• [THE DATA]:
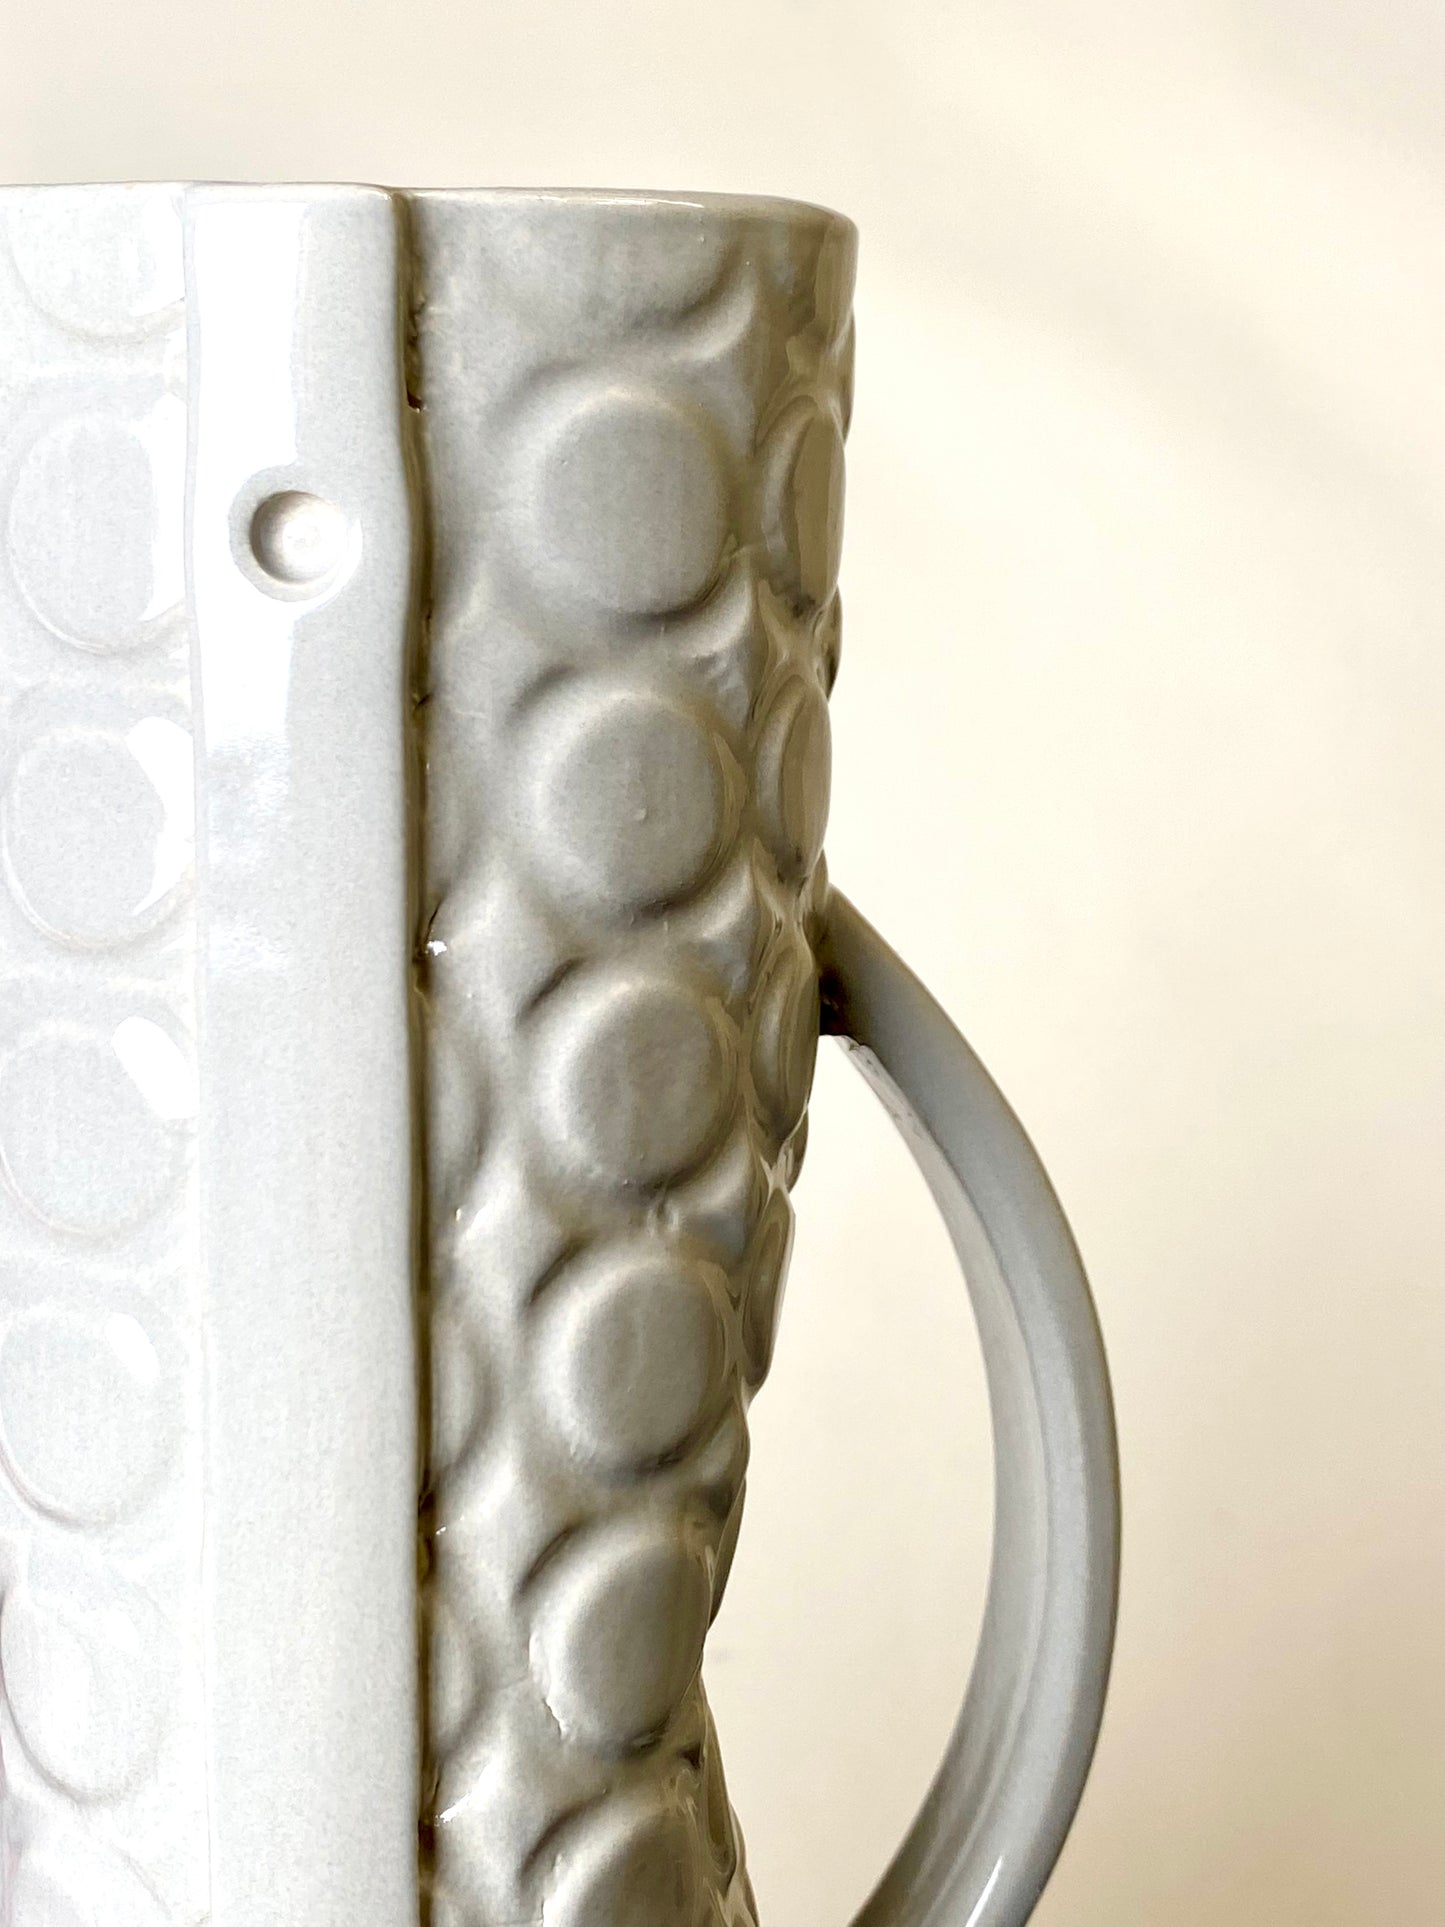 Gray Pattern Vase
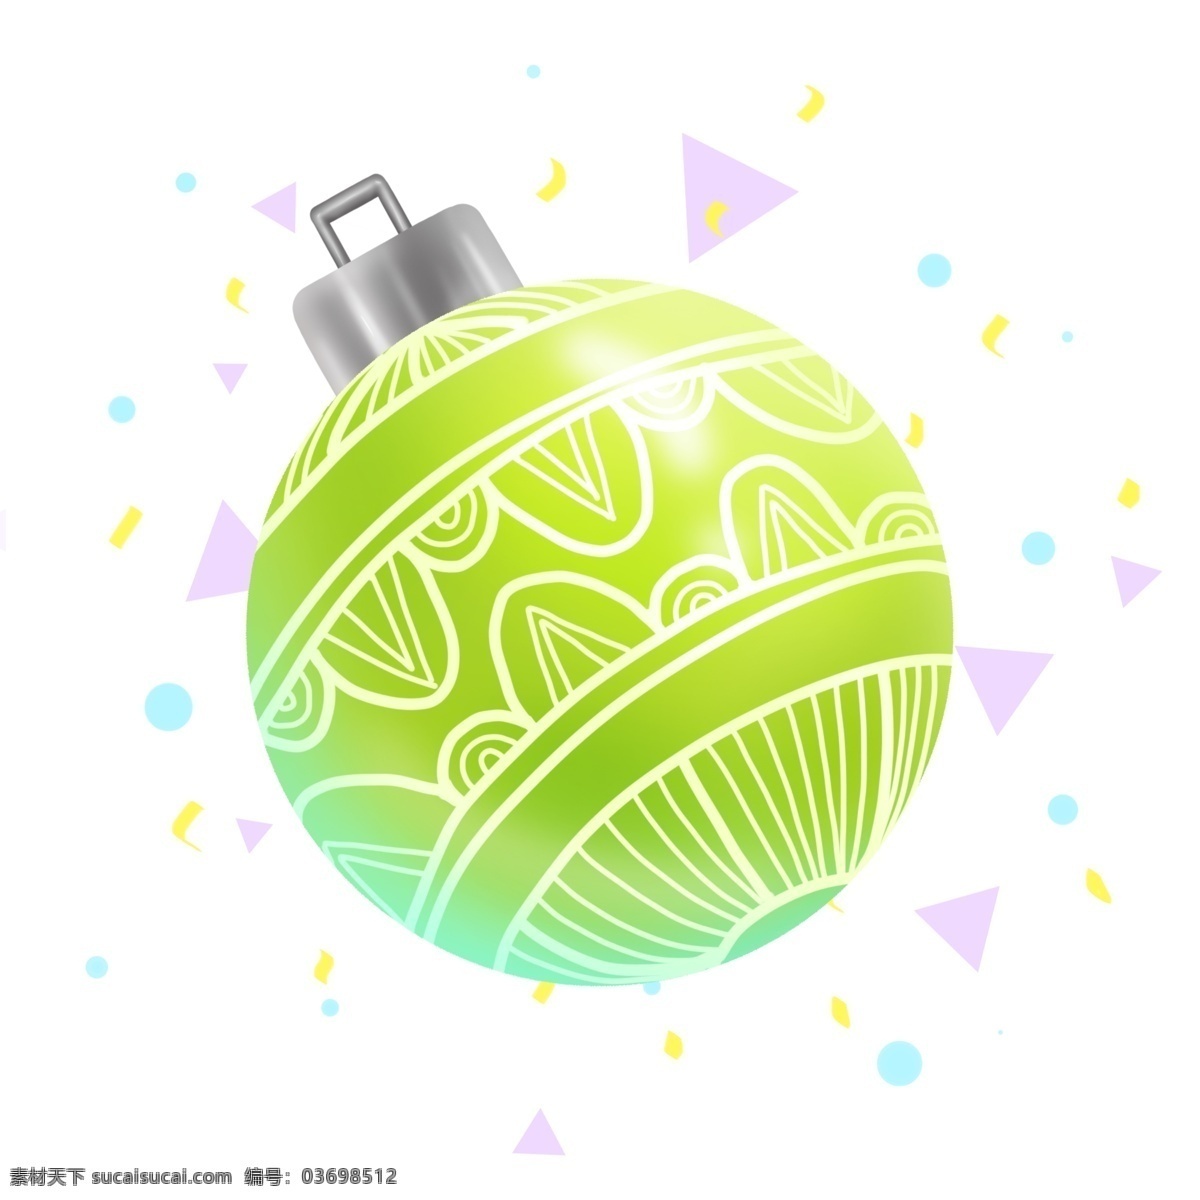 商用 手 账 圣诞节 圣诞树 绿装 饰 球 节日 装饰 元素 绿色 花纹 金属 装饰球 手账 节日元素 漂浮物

* * *

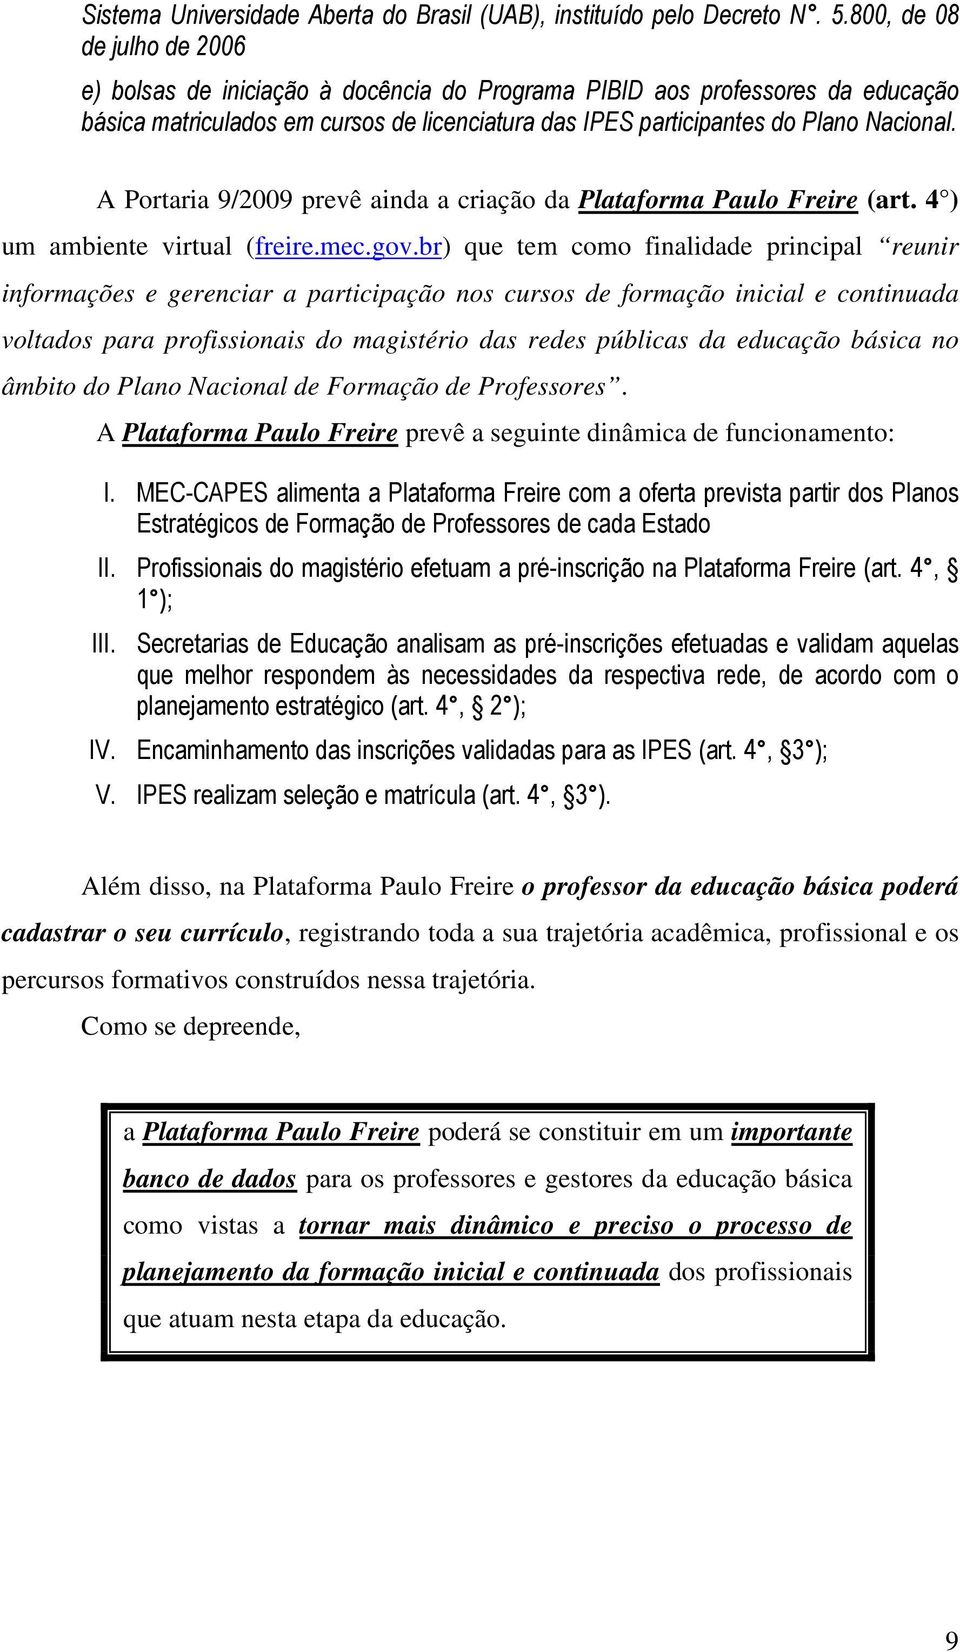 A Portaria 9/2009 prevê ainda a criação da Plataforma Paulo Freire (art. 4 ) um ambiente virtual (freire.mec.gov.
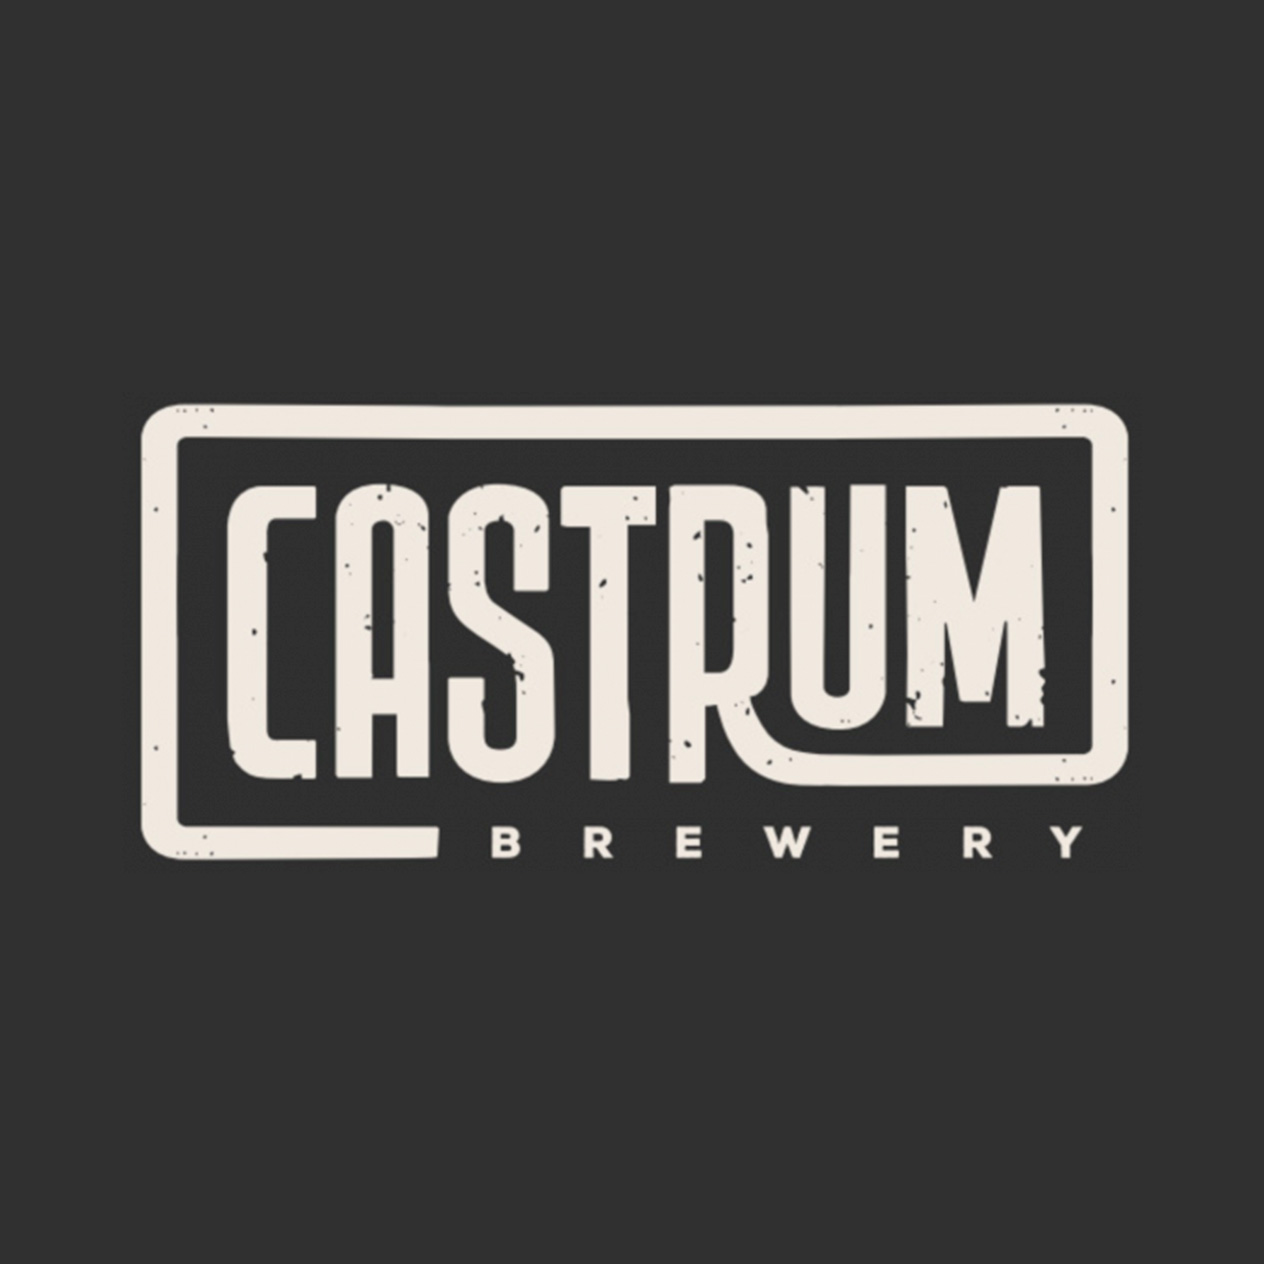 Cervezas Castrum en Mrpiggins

...

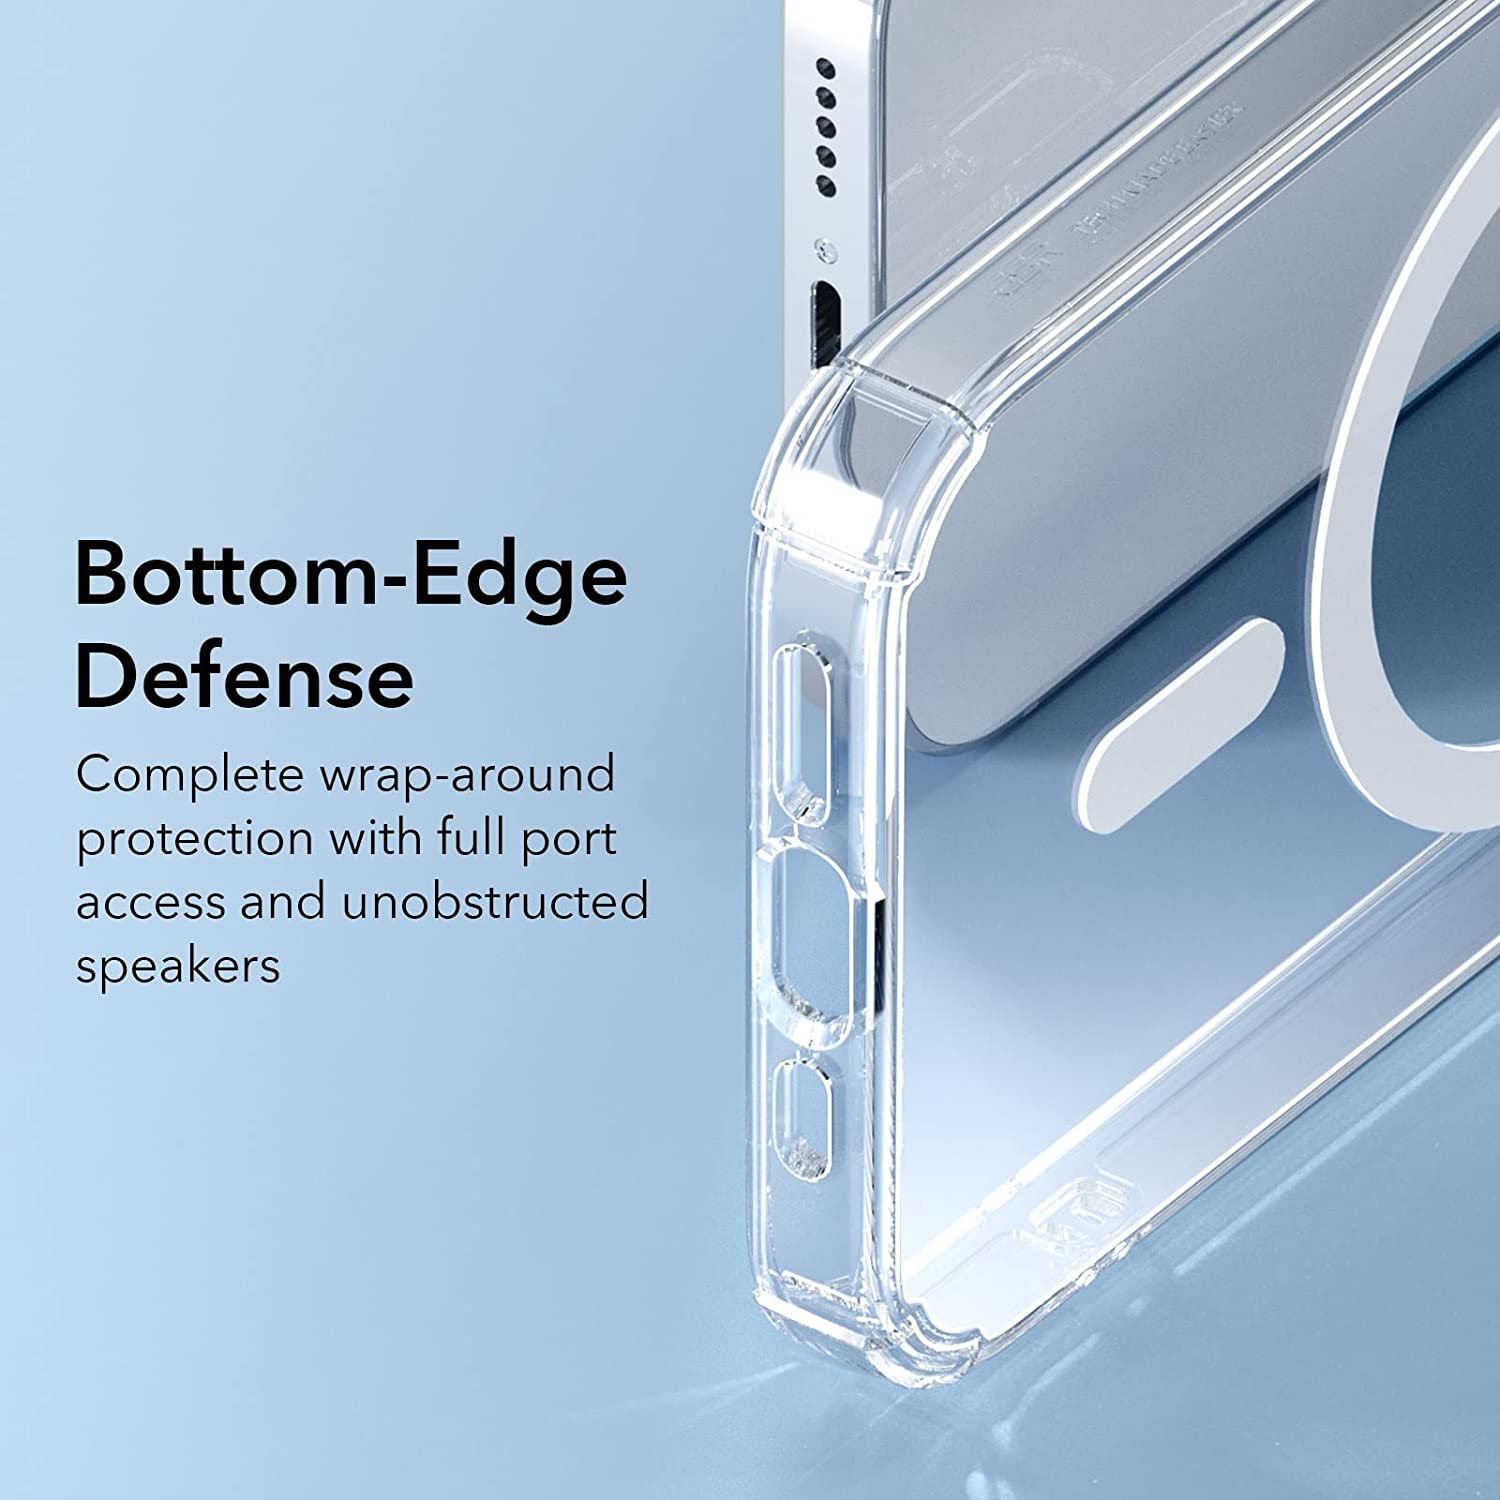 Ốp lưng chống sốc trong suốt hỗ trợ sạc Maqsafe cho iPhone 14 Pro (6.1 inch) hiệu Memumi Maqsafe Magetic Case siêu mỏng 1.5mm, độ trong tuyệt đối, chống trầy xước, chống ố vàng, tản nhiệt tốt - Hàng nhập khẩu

• [WHAT THE TASK ASKS]: The result should be an exact copy of only the lines above from the one that holds "Gray Pattern Vase" through the one that holds "商用 手 账 圣诞节 圣诞树", both ends included, without pictures.

• [ANSWER BELOW]:
 Gray Pattern Vase
 商用 手 账 圣诞节 圣诞树 绿装 饰 球 节日 装饰 元素 绿色 花纹 金属 装饰球 手账 节日元素 漂浮物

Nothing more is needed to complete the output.